Embora efetivamente não levante a bandeira de que as pessoas não tenham armas, o economista mostra porque ter armas aumenta o risco – para todos. Muitas pessoas afirmam que ter um revólver faz aumentar a sensação de segurança, de poder proteger a família. No entanto, na prática, essa sensação pode ser confrontada por verdades simples. Primeiro, armas são perigosas e letais. Caso disparem, as chances de ferir ou matar são muito elevadas. Ter arma em casa aumenta o risco de suicídio, porque facilita a decisão de quem está sofrendo e porque, em caso de uso, a letalidade é de mais de 90%, segundo Hemenway. Só para comparar, ingerir medicamentos com finalidade de acabar com a própria vida resulta em 2 a 3% de eficiência. Outro ponto é que, em quase 100% dos casos, as pessoas não sabem usar armas e isso agrava ainda mais o cenários – e as consequências. Ele lembra ainda que, em casas em que há armas, mulheres são mais agredidas e mortas, potencializando a violência doméstica.
“Violência é como uma epidemia. Quando se entende assim, se busca prevenir os acontecimentos, e não nominar os culpados”

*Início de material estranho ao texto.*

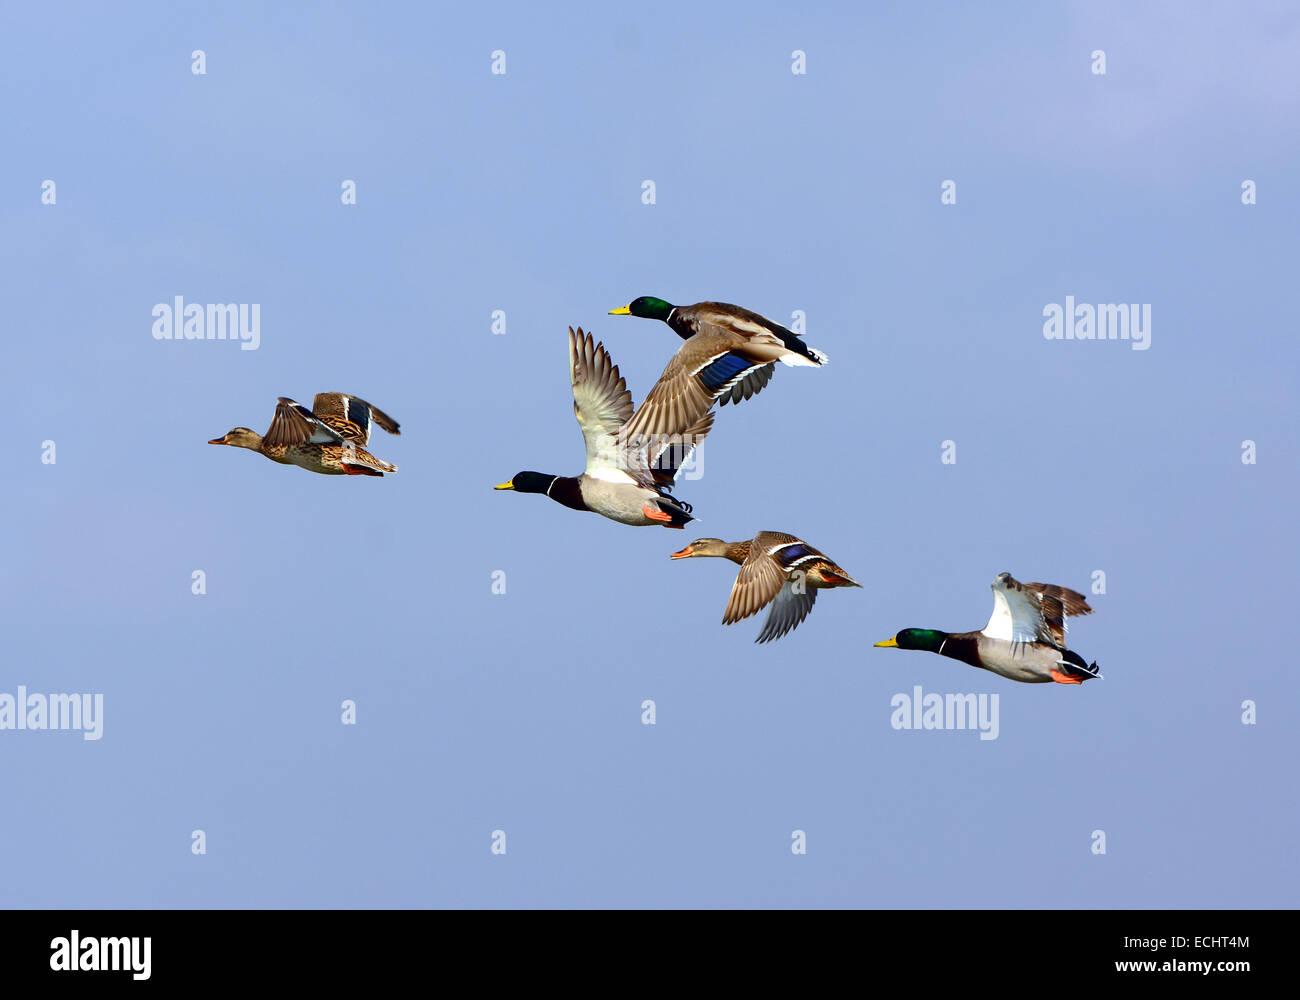 Mallard Duck, Anas platyrhynchos flying, - Stock Image

Contudo, nem assim o lobby pró-armas se convence, ou se retira do embate. O mantra repetido pelo grupo é que armas em mãos responsáveis não causam mortes, exatamente como acontece com os carros. E, mais recentemente, o argumento defendido pelo lobby é que a cultura da violência é a grande responsável pelo estado em que as coisas estão. Então o rap, os games e os filmes é que levariam ao uso irresponsável de armas de fogo. Antes que Jorge Pontual termine a pergunta, Hemenway responde que infelizmente esses argumentos acabam sendo usados para promover posturas – em última instância – racistas. “Homens responsáveis e não violentos seriam os brancos, os outros, violentos e irresponsáveis, seriam os negros. Na verdade, precisamos melhorar em muitas coisas, no combate à pobreza, ao racismo, melhorar a relação de pais com filhos. Os Estados Unidos é o único entre os 25 países mais ricos que tem tantas mortes por armas de fogo. Também facilitamos tudo, o acesso, o uso, o porte, tudo. Não é de se estranhar. Precisamos melhorar muita coisa”, desabafou.
Por fim, talvez até para encerrar a entrevista num tom um tanto mais positivo, Pontual pediu que o especialista contasse como as pessoas podem fazer as coisas mudarem. O pesquisador de Harvard alertou que qualquer um que pretenda empreender uma jornada para mudar normas sociais deve saber que vai ser mais difícil do que imagina, porque há muitos interesses contrários. No entanto, essas vozes encontram eco em outras pessoas e instituições que estão cansados de ver os mesmos erros se repetindo e, em alguns casos, custando vidas. Foi o caso das mães contra motoristas bêbados, da indústria investindo para que os vidros dos carros não cortassem os motoristas… “É duro, não tem receita, mas temos que lutar, batalhar e não desistir”, finalizou.